◆ Task goal
All lines from the one containing "shahnama-zoroaster.jpg" through the final line of the listing below, and no others, must be returned exactly; no pictures belong in the copy.

◆ Stored data
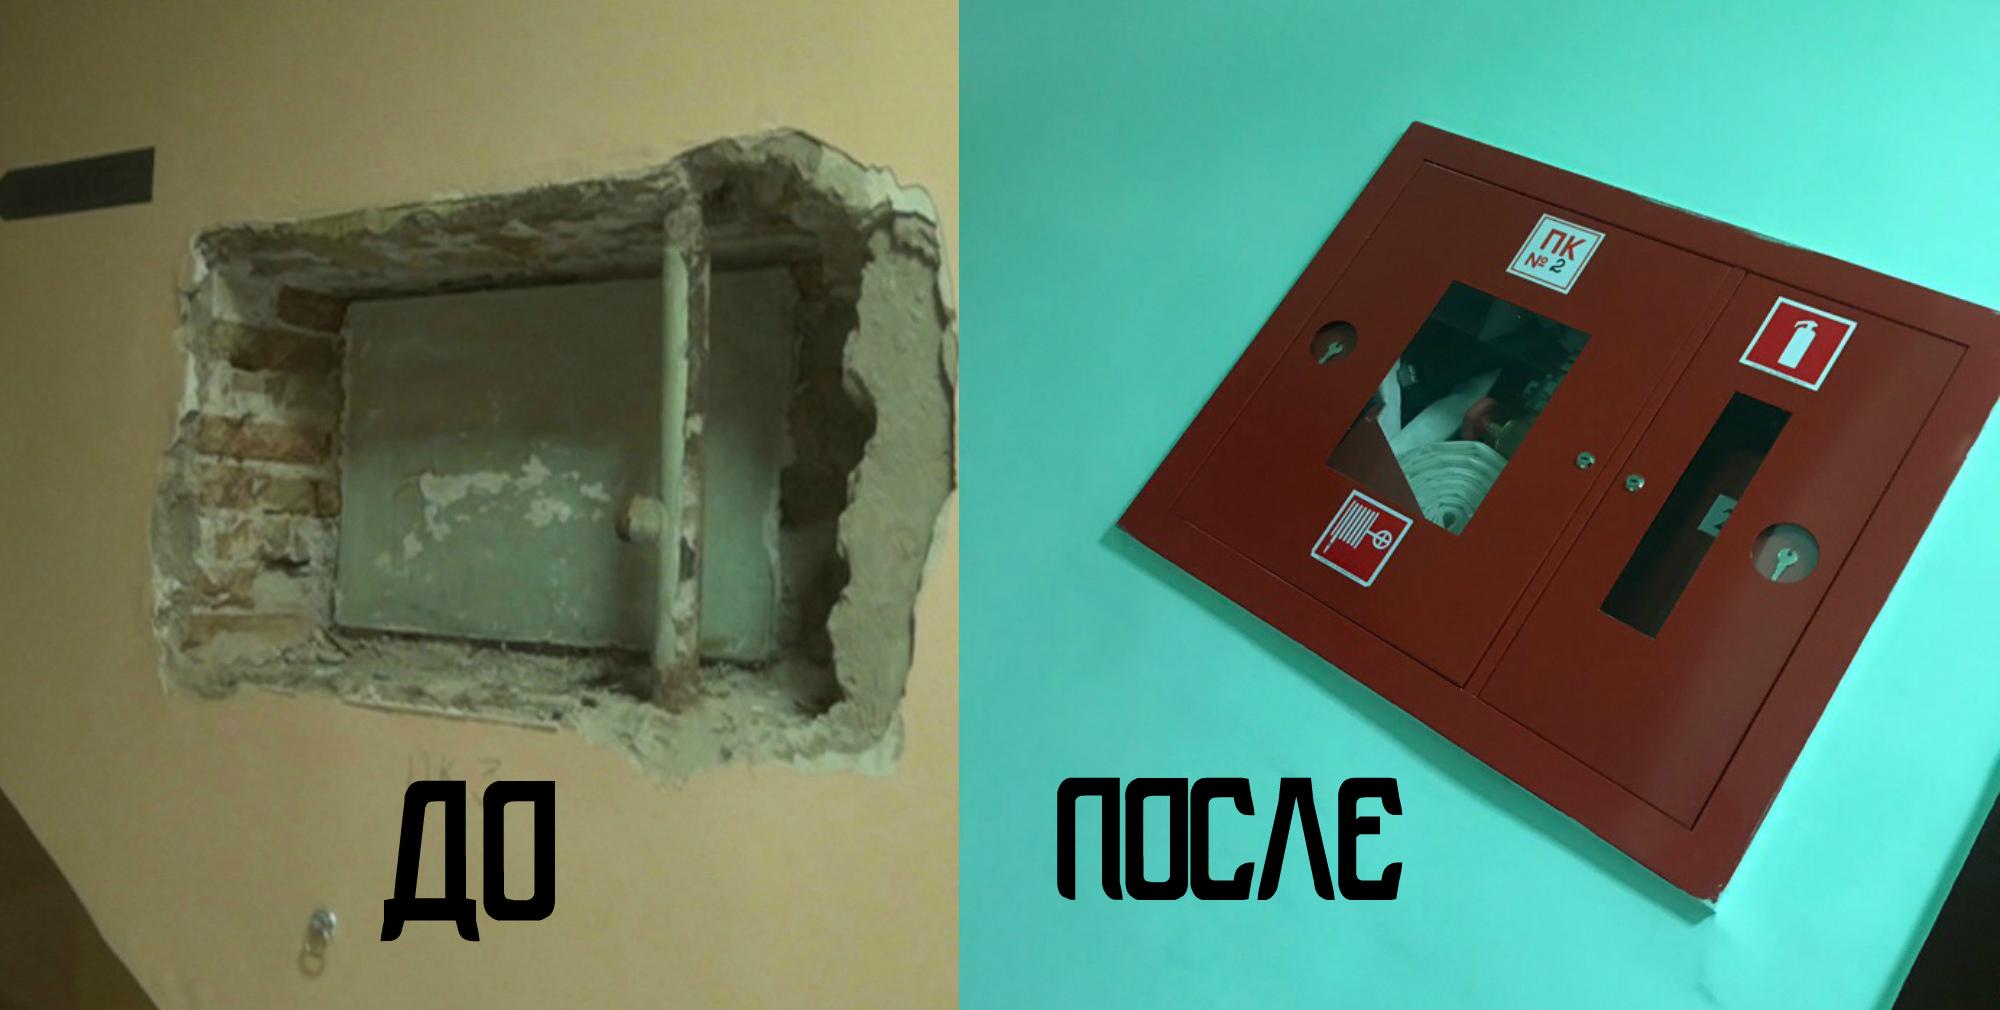 До-после  Замена пожарных кранов и покраска стен в театре
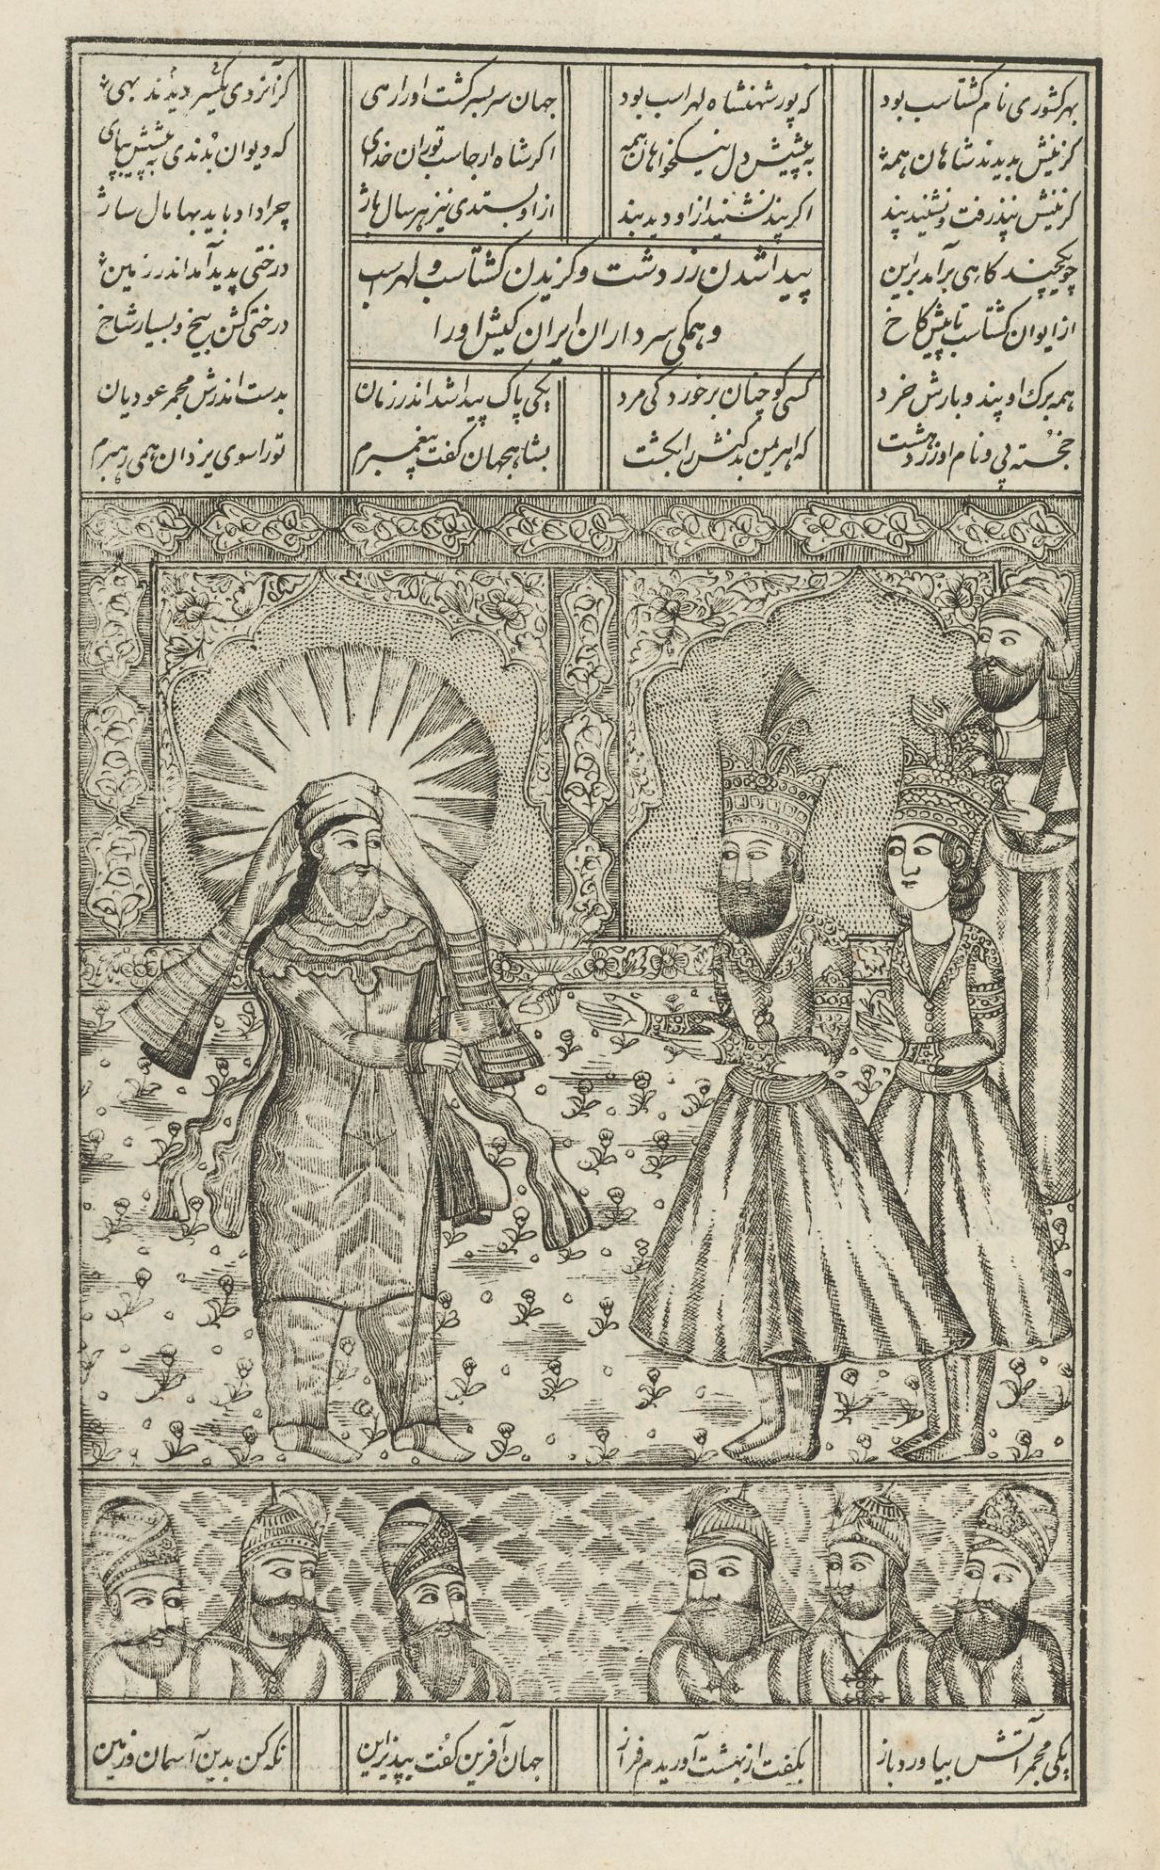 shahnama-zoroaster.jpg
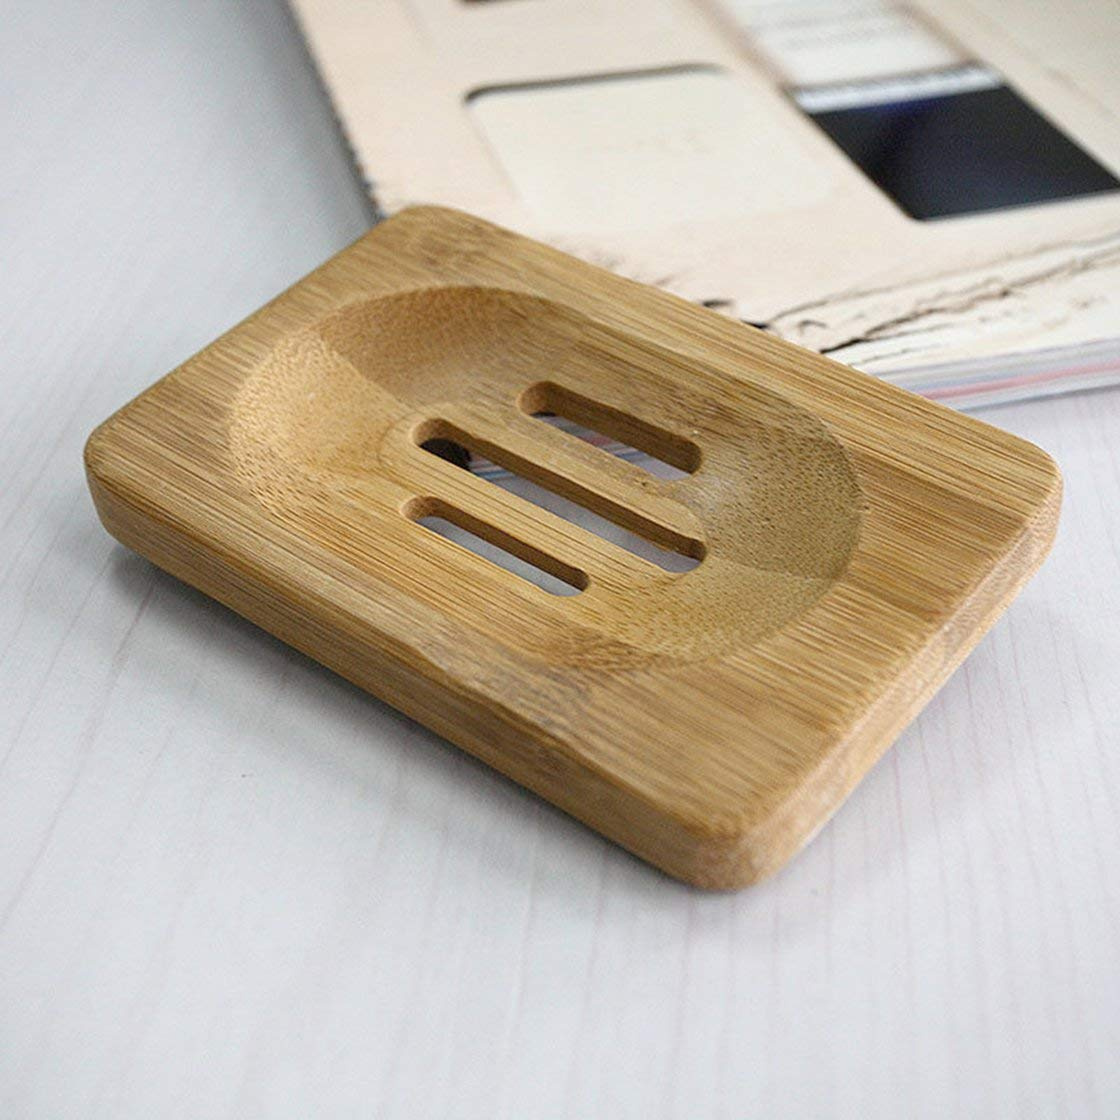 Gwendoll Burly-Wood Ba/ño de ba/ño Jabonera de ba/ño Plato de Ducha Plato de jab/ón Caja de jab/ón de Madera Natural Jab/ón de Viaje Ba/ño Producto de ba/ño

◆ Response to the task
 shahnama-zoroaster.jpg
 Gwendoll Burly-Wood Ba/ño de ba/ño Jabonera de ba/ño Plato de Ducha Plato de jab/ón Caja de jab/ón de Madera Natural Jab/ón de Viaje Ba/ño Producto de ba/ño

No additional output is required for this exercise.